Shuhei Yoshida, the former president of Sony Interactive Entertainment (SIE), has surprisingly come to the defense of PC Ports, stating that they have been largely positive for the company.
Yoshida says that the PC ports of Sony PlayStation games financially help the company recoup some of the initial development costs. By virtue of the ports of popular single-player titles arriving a year or two later, it gives the game an additional sales cycle and even more coverage, the latter mostly in how it performs on PC, now that it has access to beefier hardware that the PlayStation 5 (PS5) clearly is starting to lack.

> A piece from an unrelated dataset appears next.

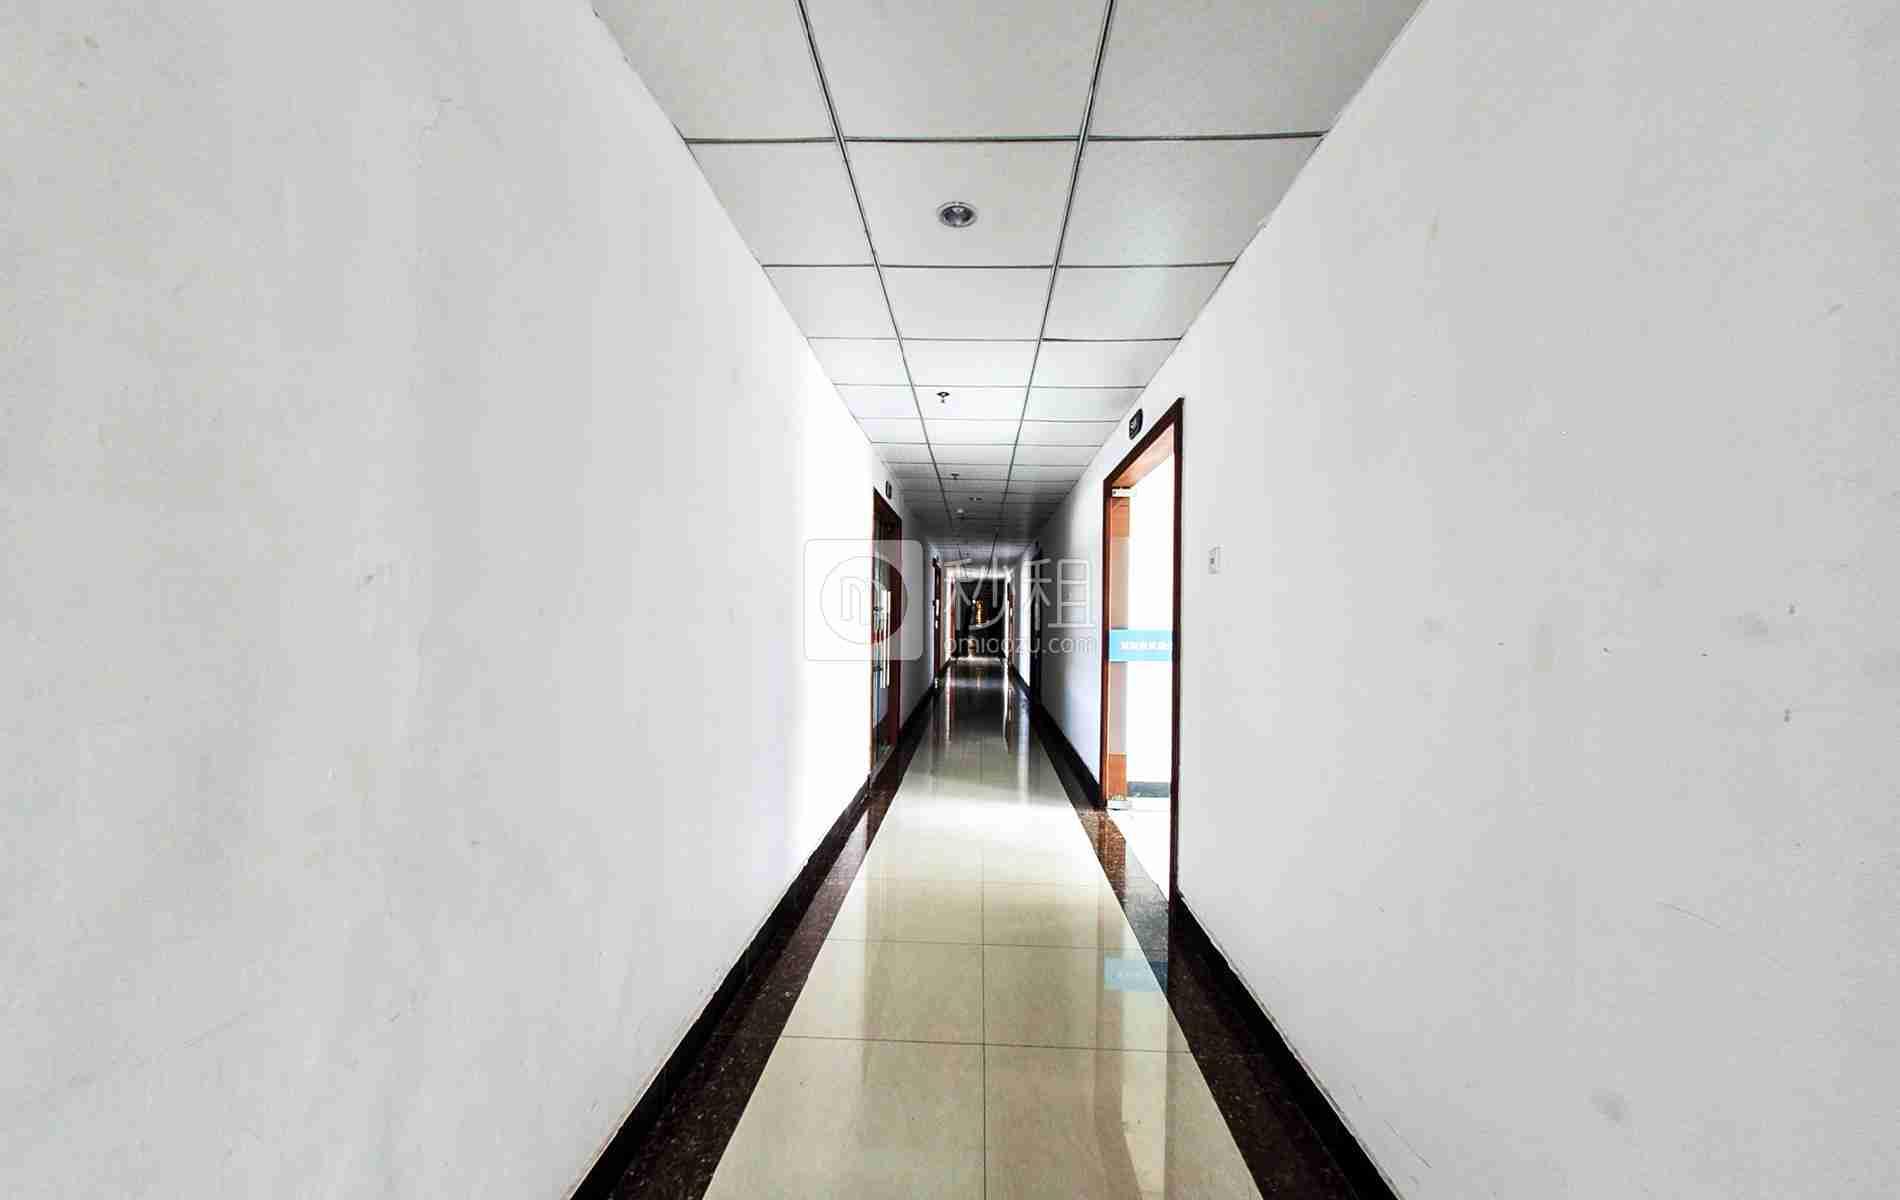 亨业大厦写字楼出租/招租/租赁,亨业大厦办公室出租/招租/租赁

Shooting Itself In The (Financial) Foot

This next point is just a personal opinion of this writer, but we’re with Yoshida on this one. Look, we get it: you have both a product and a brand that you want, nay, have to maintain, and like any good company, you do what you must to keep it. In this case, ceasing all ports of first-party, single-player titles to the PC isn’t suicide, but it is certainly a loss of revenue from an another source.
Take Santa Monica’s 2018 God of War and its sequel, God of War Ragnarok. The combined sales when both titles went on sale on PC totalled US$1.4 billion (~RM5.55 billion). There’s also the PC port of Ghost of Tsushima. When the game was released on PC in 2024, it sold more than 800,000 copies in the first few days. At the time of writing, that number is believed to have peaked at three million copies.
Mind you, Sony isn’t giving up the PC space altogether. While it says it won’t release any more of its hit single-player titles on PC, it will still continue to release online multiplayer titles for the platform. Many have surmised that this is likely due to the massive popularity of titles like Arrowhead Studios’ Helldivers 2, which first started off as a PlayStation exclusive.